The media and legal experts in Iran have already begun examining the implications a potential decision by the Trump administration to designate the Islamic Revolution Guards Corps (I.R.G.C.) as a terrorist entity. Tabnak, an outlet affiliated with former I.R.G.C. chief commander Mohsen Rezaei, published a lengthy article that analyzed how such a move by Washington would impact the Islamic Republic and explored Tehran’s options to challenge and retaliate against it.
Dr. Yousuf Molayi, a legal expert and international law lecturer at Tehran University, opined that a potential U.S. blacklisting of the I.R.G.C. could indirectly undermine the nuclear agreement Iran signed with the United States and five other world powers in July 2015. He also noted that Tehran has limited legal avenues to challenge it. “The global economy is deeply dependent on America. Therefore, major countries and companies do not want to lose the American market. When a [terrorist designation] list is prepared and leaves its direct impact on Iran’s economy, all countries and companies that could invest in and do business with Iran will refrain from doing so and we will face a lot of detriments,” he explained.
Comment: The U.S. media reported yesterday that the Trump administration is considering designating the I.R.G.C. and the Muslim Brotherhood as terrorist organizations. If implemented, such a move would put the I.R.G.C. together with a long list of U.S.-designated terrorist organizations, including al Qaeda and the Islamic State. The White House has not confirmed or denied the reports, but Press Secretary Sean Spicer told reporters: “There’s no one that can question the president’s commitment to fully attacking and addressing the threat that we face by Islamic terrorists.” The news comes just days after the Trump administration put Iran “on notice” over the latter’s missile activity and support for terrorism and imposed new sanctions on Iranian entities.

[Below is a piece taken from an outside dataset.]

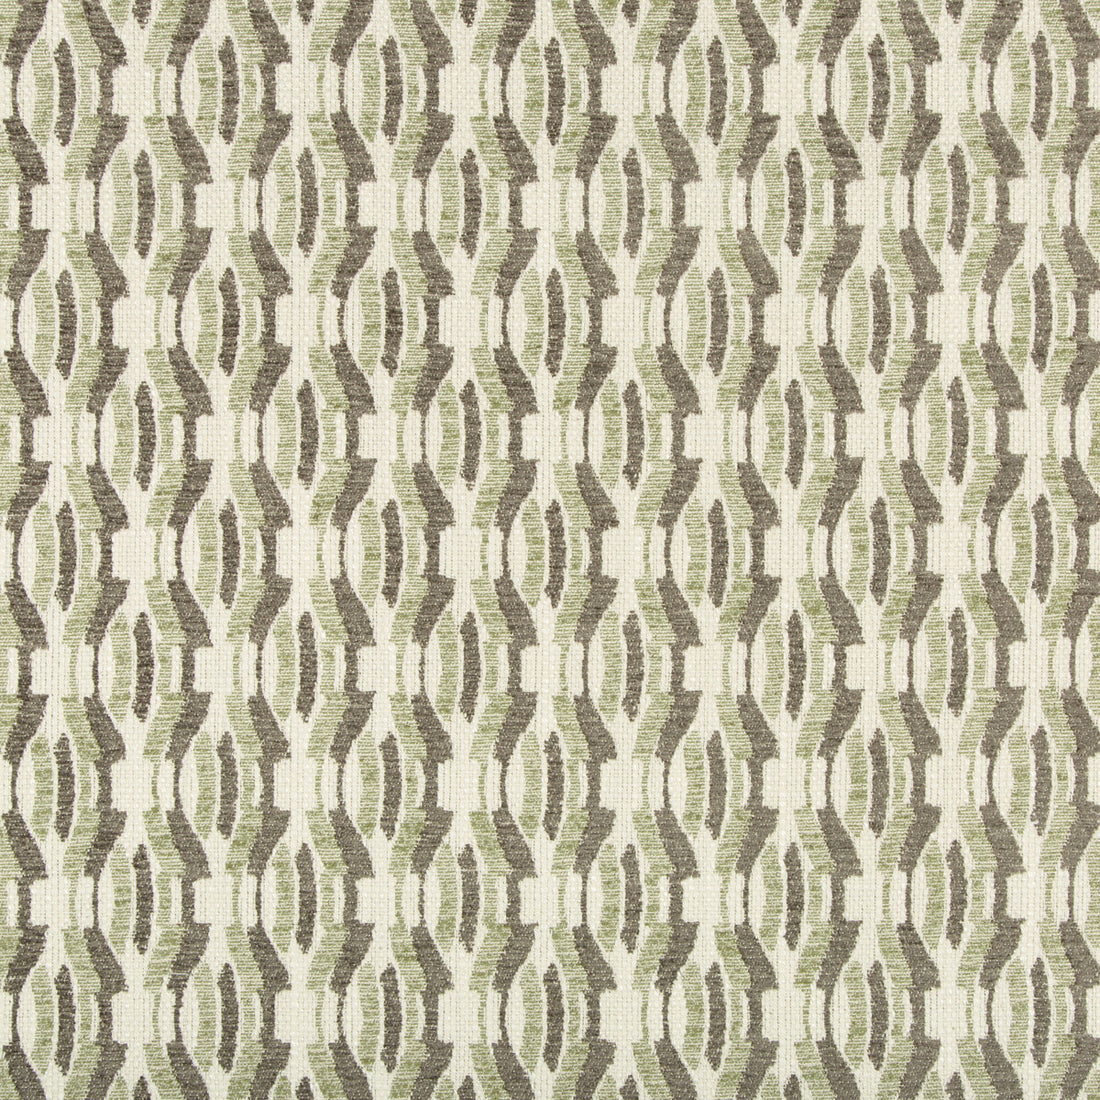 Agate Weave fabric in sage color - pattern GWF-3748.308.0 - by Lee Jofa Modern in the Gems collection
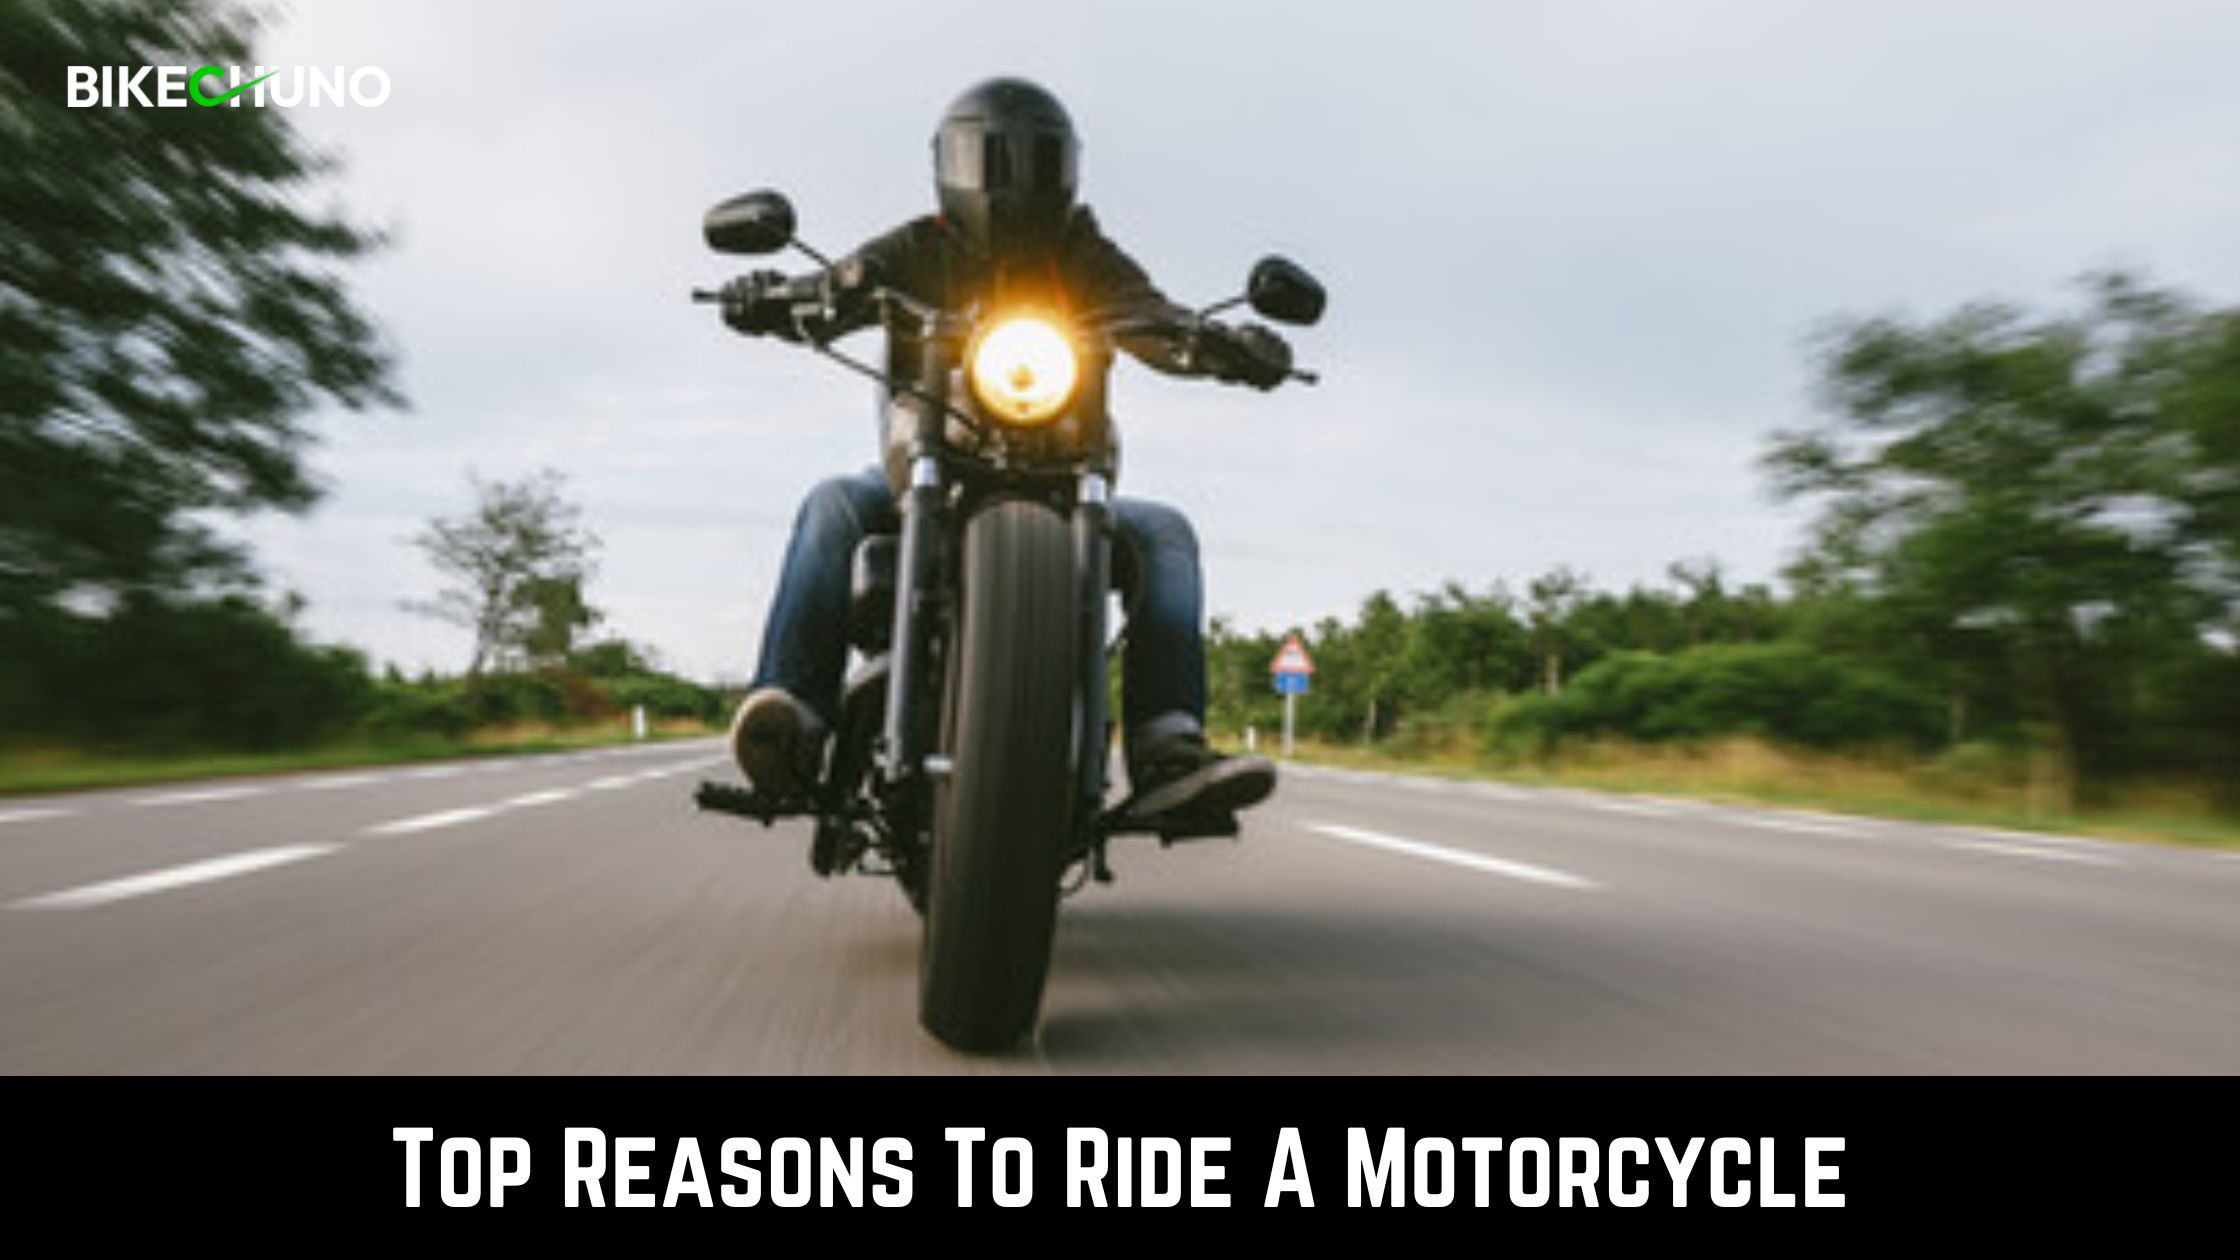 Top 10 reasons to ride a motorcycle

The I.R.G.C. is Iran’s elite military force, which was established by the Islamic Republic’s founder Ruhollah Khomeini to defend the fledgling clerical regime following the 1979 revolution. But over the past 37 years, the I.R.G.C. has not only turned into Iran’s most powerful military force but it also dominates Iranian economy and has extensive influence over the country’s politics as well. The Quds Force, the I.R.G.C.’s elite branch responsible for external operations and run by Qassem Soleimani, has played an active role in arming, training and funding terrorist and militant organizations in the Middle East, particularly after the U.S. invasion of Iraq in 2003.